From the Executive Summary of Measuring Discrimination Racial Preferences at Public Flagship Institutions:
Title VI of the Civil Rights Act of 1964 protects Americans from discrimination based on race, color, or national origin. It applies to any program or activity that receives Federal financial assistance, including most public and private universities. Title VI states:
No person in the United States shall, on the ground of race, color, or national origin, be excluded from participation in, be denied the benefits of, or be subjected to discrimination under any program or activity receiving Federal financial assistance.
The Department of Education specifically lists both admissions and recruitment as covered activities.
But for almost as long as Title VI has been law, universities have discriminated on the basis of race in order to achieve diversity in their student bodies.
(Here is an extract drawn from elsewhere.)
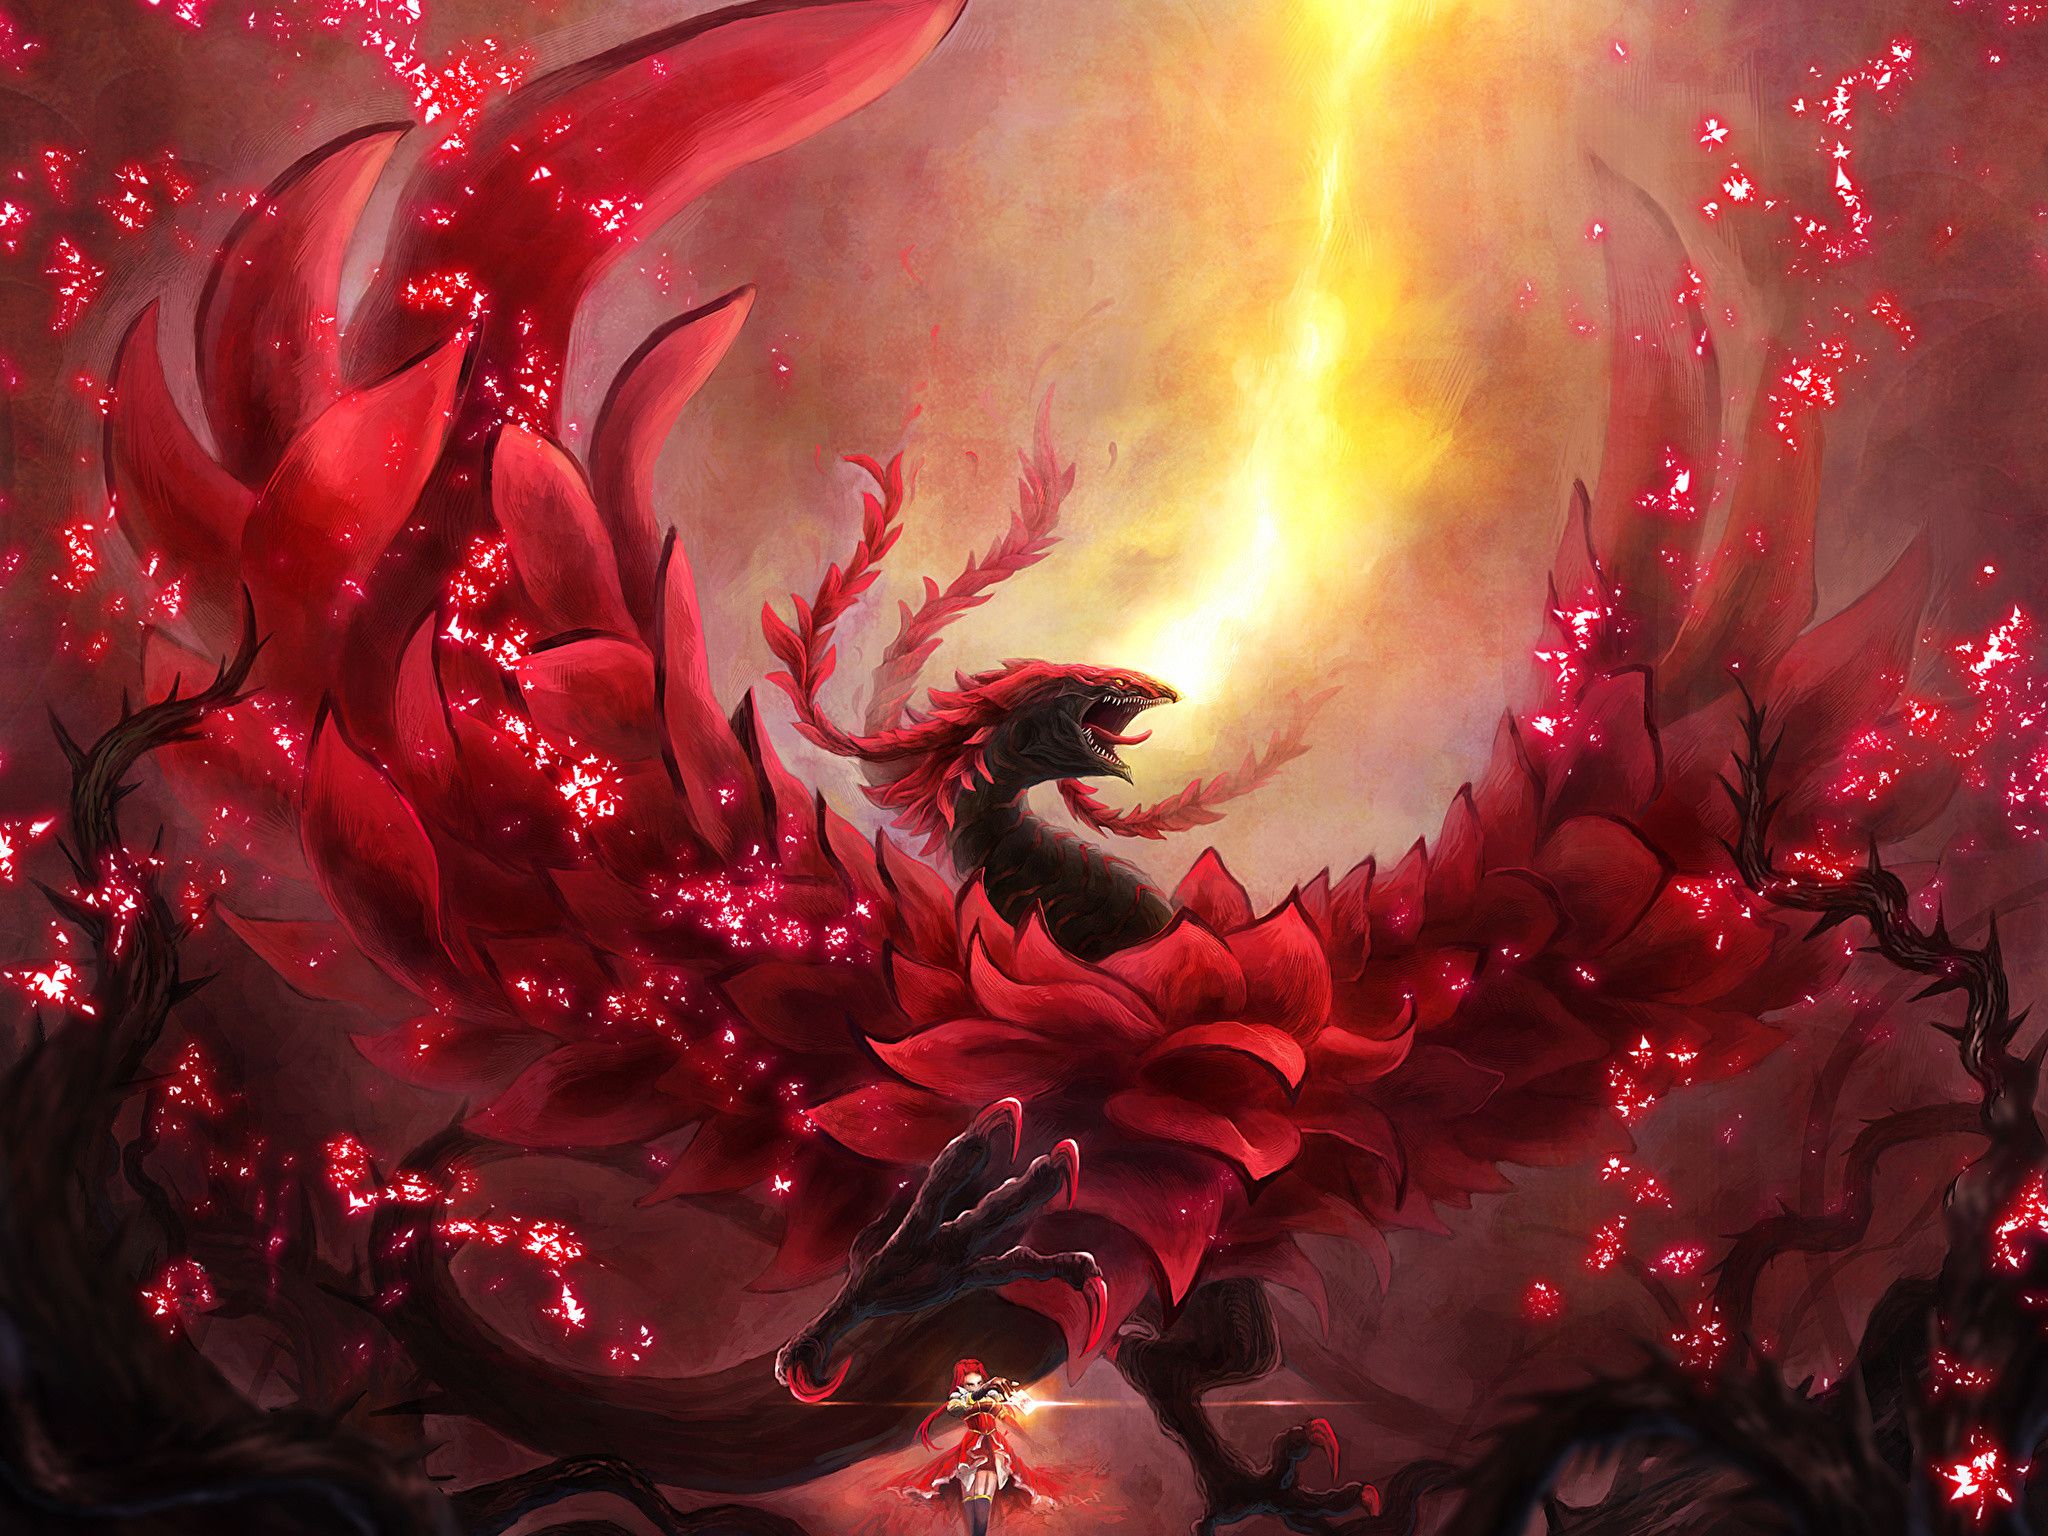 Black Rose Dragon Wallpaper background picture

This is a trade-off that many policymakers and university administrators have been willing to make.
In this report, we quantify this trade-off at flagship public universities. How large are the harms of racial preferences in admissions? How do they affect students’ chances of admission? We find that the size and effect of racial preferences vary across institutions. At some, however, race weighs very heavily in admissions decisions.
As the Supreme Court considers race in admissions, these data provide an important insight into admissions at public institutions. They show that, at some institutions, admissions are heavily influenced by a student’s race, in defiance of both the equal protection clause and past court decisions that narrowly proscribed the use of race in admissions.
It’s time to end the discriminatory practice of racial preferences.